Transfusion medicine, Henry Ford Hospital Blood Bank, Detroit, Michigan 48202, USA.

Published: February 2002

The dysproteinemias consist of a broad range of serious disease states with the common thread of excessive production of an abnormal, or para-protein. Various clinical syndromes may arise, either from the underlying disease process, the excess paraprotein, or both. Clinical presentation depends upon the organ system(s) affected by the abnormal protein. Diseases included under the classification of dysproteinemias include cryoprotein-related diseases, Waldenström's macroglobulinemia, hyperviscosity syndrome, monoclonal gammopathy, multiple myeloma, light chain disease, and amyloidosis. Plasmapheresis, often in conjunction with other therapies, has been widely used to treat the dysproteinemias and their resulting clinical syndromes.

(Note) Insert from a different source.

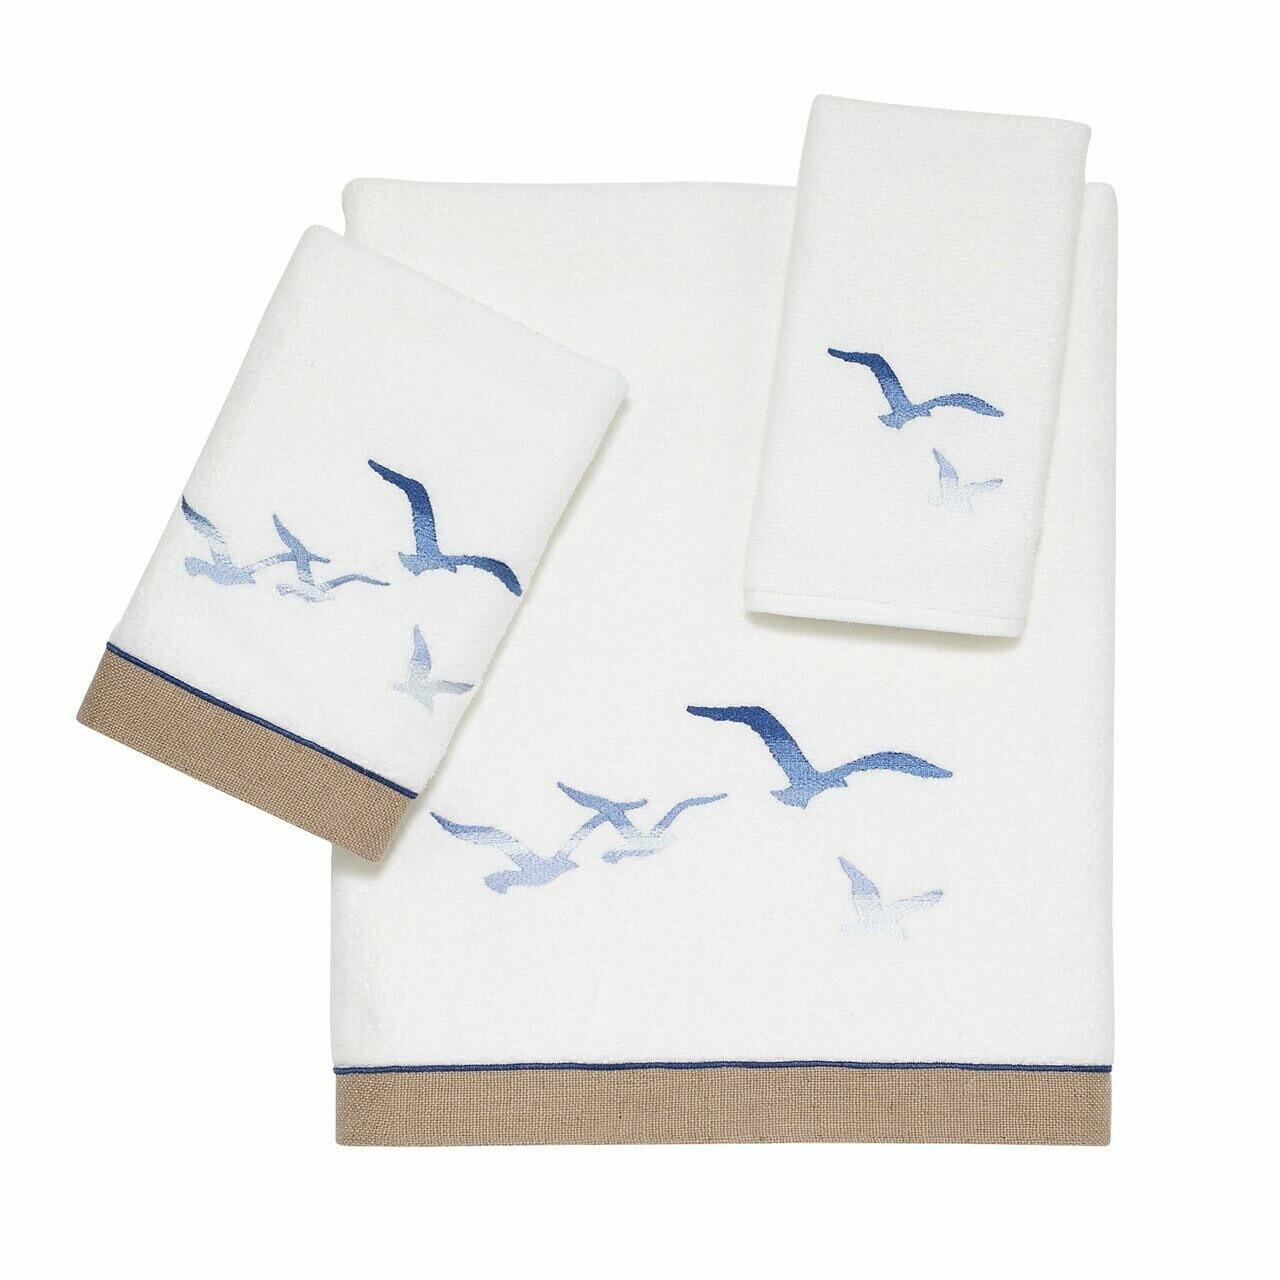 Seagulls Bath Towel
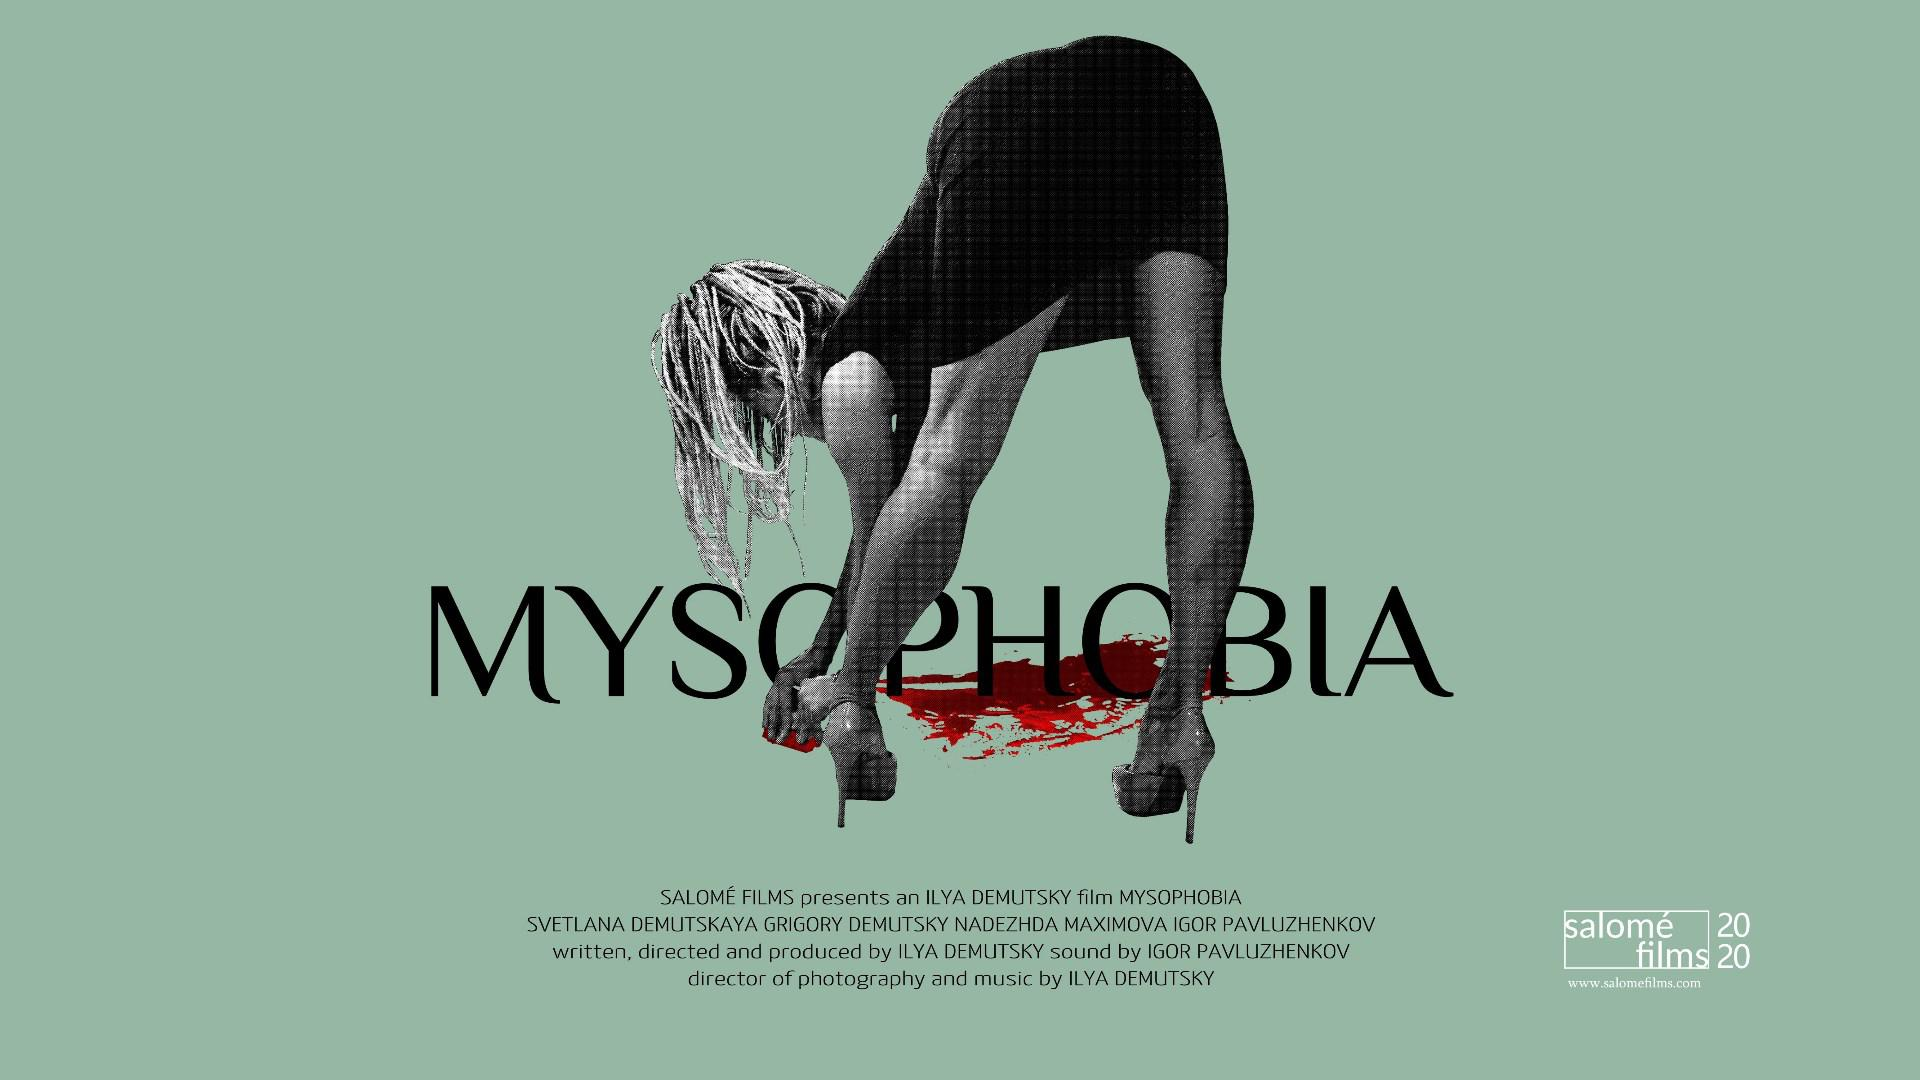 Mysophobia

Automated plasmapheresis, which separates plasma from the cellular blood elements by centrifugation, is used most commonly in the United States. Membrane separation and immunoadsorption techniques are more commonly used in Europe and Japan. In automated plasmapheresis, the plasma is removed from the patient's circulation and replaced with a protein-based fluid such as 5% human albumin solution or plasma protein fraction or with fresh frozen plasma. Membrane separation and immunoadsorption allow the offending proteins to be removed more selectively from the patient's plasma prior to the plasma being returned to the patient. This review article presents a description of each disease, the rationale for plasmapheresis therapy, recommended schedules of plasmapheresis, and the use of adjunctive therapies. Results of published studies, case reports, and the author's experience in treating these diseases will serve as the foundation for discussion.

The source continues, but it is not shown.